I knew he was lying. I’d seen his pill minder next to his biosensor charger on the nightstand, unopened. Why did I even ask? No idea. “Do you know when you took your biosensor band off?”
“I didn’t.”
“You know, if they can’t poll your sensor for your bio stats, they'll come again.”
“How do I charge it, then?” He started down the stairs on jaunty feet, his flaccid penis swinging left and right.
I headed for his bathroom to search. “If you miss three hours in a row—” I didn’t finish. It wouldn’t do any good to tell him for the umpteenth time that after three hours with no vital signs from his biosensor, the virus police would call his phone. If no one answered, they’d figure he was dead, and they’d show up on our doorstep.
Among other things, the virus police ran the burn boxes.
I needed to find Grandpa’s biosensor band, and I needed to find that phone.
2
Piper, my ex, moved out five years back, the summer before the first killer influenza of the 21st century exploded across the globe. It had an official scientific name, but everybody called it Siv2—Swine Influenza Virus Two. By the following Easter, it had killed thirty-nine million people. Nearly one in two hundred worldwide. Few governments back then had propaganda machines powerful enough to make thirty-nine million bodies disappear.

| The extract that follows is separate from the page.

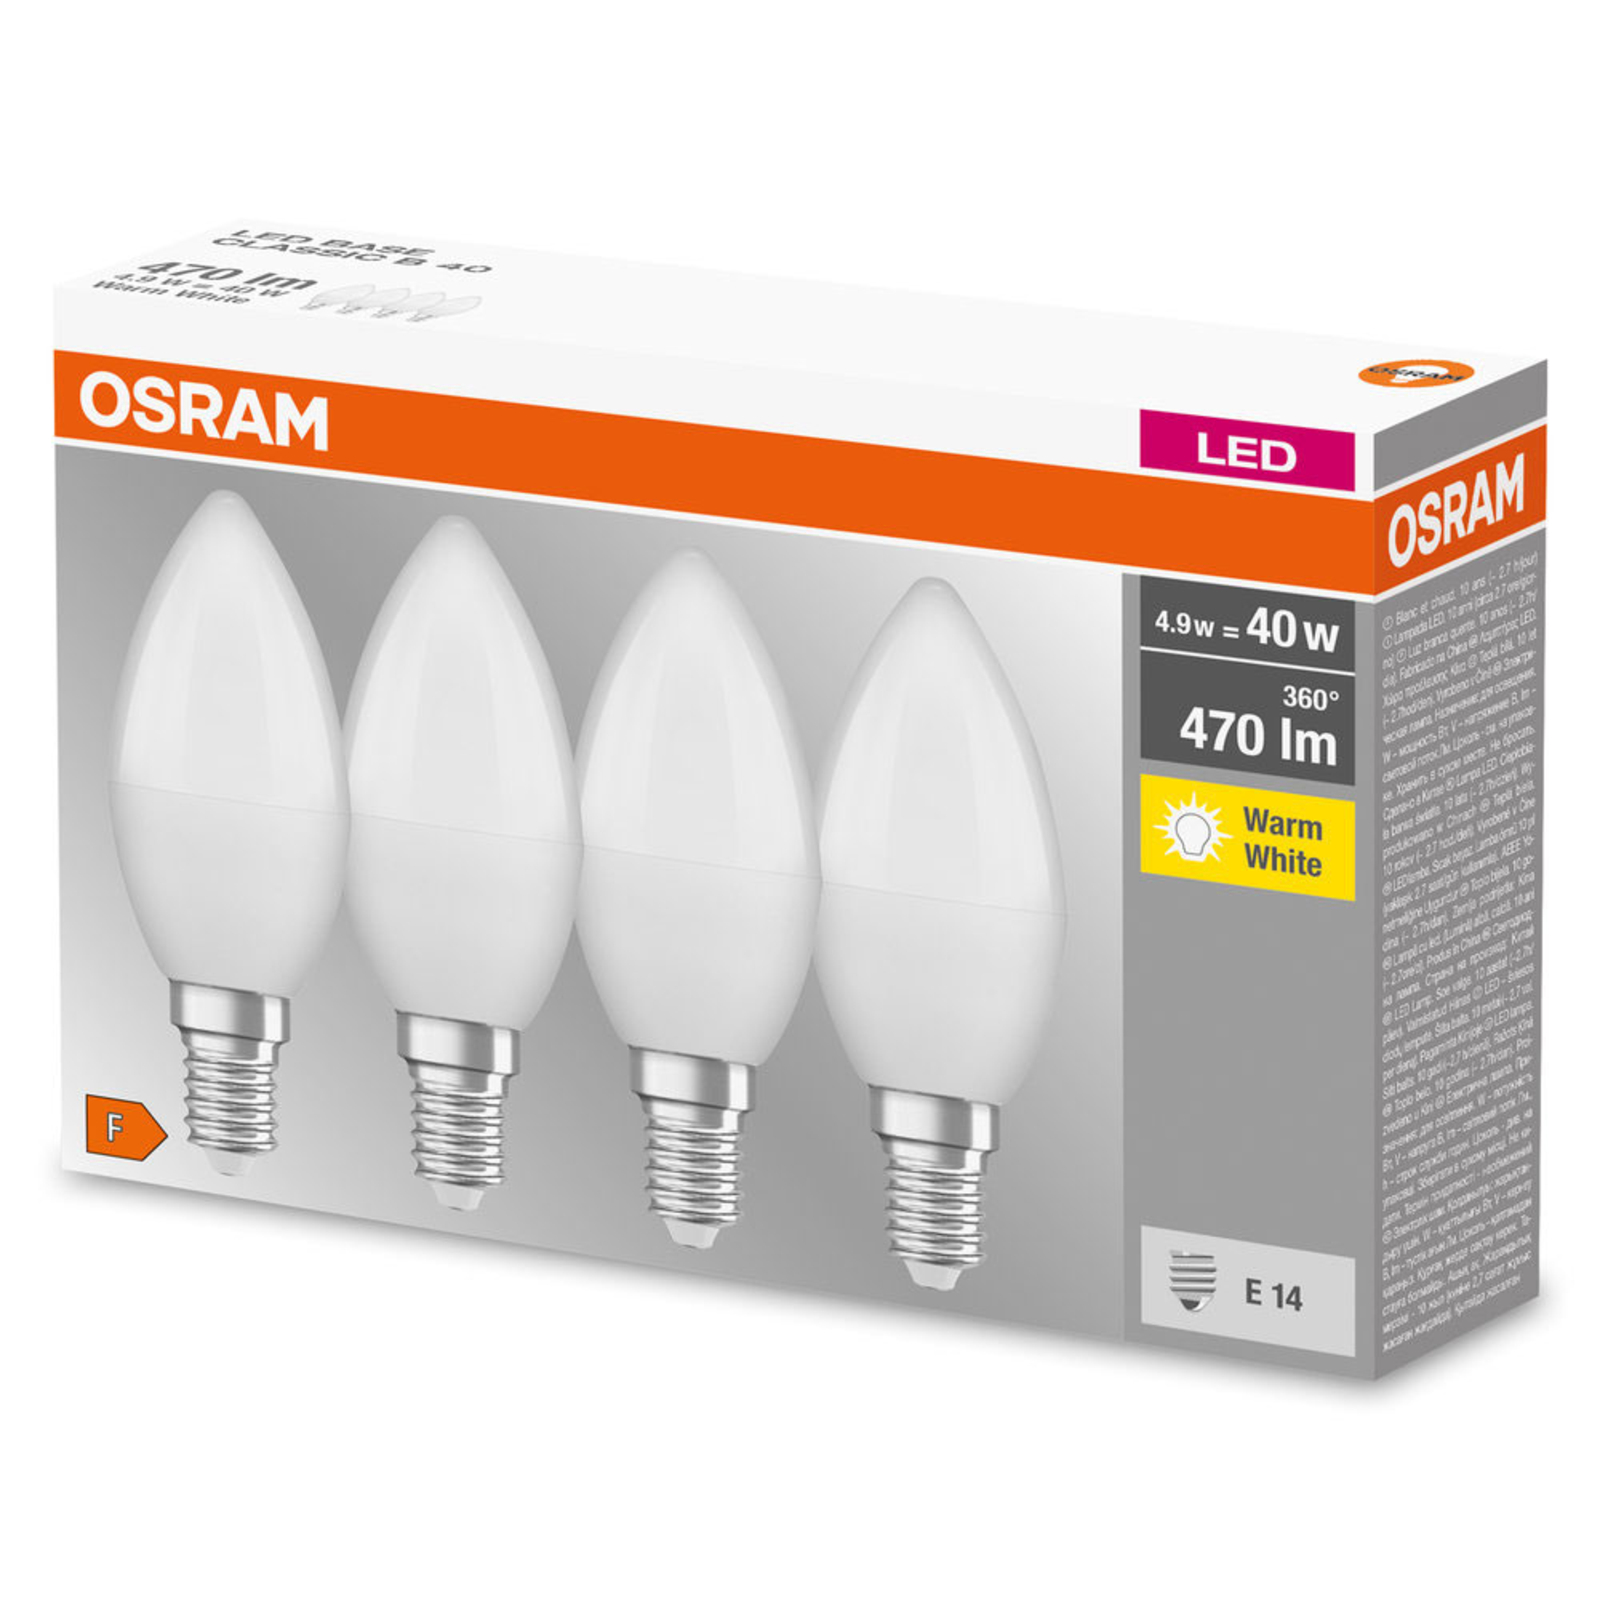 OSRAM vela LED E14 Base Retro 4,9W 4 ud 2.700K

So, the world changed. A little at first. More, when the Syrian Measles swamped the global hospital system a year later, killing over a hundred million. That’s when human civilization started its long march to a place it had never been before.
None of us ever imagined it would turn out like it did.
Piper and I had both divorced once before we hooked up. Our relationship lasted six years longer than it should have, suffering a terminal incompatibility that worsened with each passing election—we voted different tickets.